Please note that only complete sectors, not partial sectors, can be superimposed. Superimposition can be active only for one disk or disk partition or image at a time. If desired, you can make a copy (image or cloned disk) of the virtually repaired disk or image with the usual commands while the superimposition is in effect, so that the copy will have the superimposed sectors directly embedded.
- Reports the total number of CRC errors in the evidence object properties for each hash computation if chunk CRCs are being verified when reading from .e01 evidence files (see Options | Security).
- File type verification signatures and algorithms updated.
- New hash type available: Adler32
- The values of the bits in the volume attributes of HFS+ file systems are now output in the Technical Details Report.
- Ability to copy up to ~4 GB of data into the internal clipboard (~2 GB before).
- Extraction of all tables (with all columns except binary data) from all other SQLite databases besides the already supported various Internet browser databases as part of metadata extraction. The first extracted table will also serve as a preview of the SQLite database file itself.
- Ability to copy up to ~4 GB of data into the internal clipboard in the 64-bit edition (~2 GB before and still in the 32-bit edition).
- Buttons that allow to expand or collapse all categories in the file type filter dialog. Expanding all categories can be useful if you would like to quickly find a certain file type by typing its letters while the tree view window has the input focus.
- Option to only make a copy of tagged files for inclusion in a case report instead of all or none. Useful if you wish to reference all notable files with their metadata in your report, but show only a subset of those.
- Whether new report table associations for selected files are created for the selected files only or also for their child objects or duplicates etc. is now a setting that is individual to each report table.
- New icon for renamed/moved directories in FAT and exFAT volumes.
- Support for PC-compatible BSD disklabel partitioning.
- The View | Refresh View menu command now also refills the directory browser if the directory browser has the input focus. Useful for example when a filter for tagged items is active and you remove the tag marks of some of the listed files, if you wish to update the listing in the directory browser and get rid of those files that are no longer tagged.

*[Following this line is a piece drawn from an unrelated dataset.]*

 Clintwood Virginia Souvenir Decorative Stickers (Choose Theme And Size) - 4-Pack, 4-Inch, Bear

- Ability to check for updates online occasionally (Options | Security). This can report the availability of later versions or new service releases of the currently used version and allow to start the download. Does not send any data from within the program to the Internet, for example no system or user information or dongle ID, neither directly nor encrypted nor anonymized, of course no case data, not even the currently used version number, nothing. This option is active by default only if the program determines that it is running on the examiner's own system (if it is executed from the C: drive or if it was installed using the setup program). The check does not occur when running the program for the first time, so that you definitely have a chance to turn off this option before anything happens. Given the fact that most systems on which X-Ways Investigator and X-Ways Forensics are run do not have an Internet connection, this feature has a limited effect only.

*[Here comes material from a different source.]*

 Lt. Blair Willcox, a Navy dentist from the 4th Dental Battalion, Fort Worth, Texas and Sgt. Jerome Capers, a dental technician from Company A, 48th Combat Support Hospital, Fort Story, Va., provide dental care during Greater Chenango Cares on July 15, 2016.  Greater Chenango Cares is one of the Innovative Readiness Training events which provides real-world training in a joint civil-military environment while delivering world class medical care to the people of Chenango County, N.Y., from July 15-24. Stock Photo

- The file carving flags b (for byte granularity) and g (for greedy allocation) can now be combined. Useful when carving records from files like $UsnJrnl:$J. For $UsnJrnl:$J in particular an internal algorithm is available that can combine multiple contiguous records in a single carved file. The g flag makes sure that those records that have been included already will not be found and carved again separately. Such a carved file that is composed of multiple records can be nicely viewed in Preview mode, and viewing that file is much more efficient than viewing individually carved records.
- Ability to print multiple selected files optionally in separate print jobs like in v16.3 and earlier.
- Simultaneous creation of 2 copies of .e01 evidence files was unsuccessful if they were given different names. That was fixed.
- Several user interface elements improved.
- Some more statistics in the evidence object properties.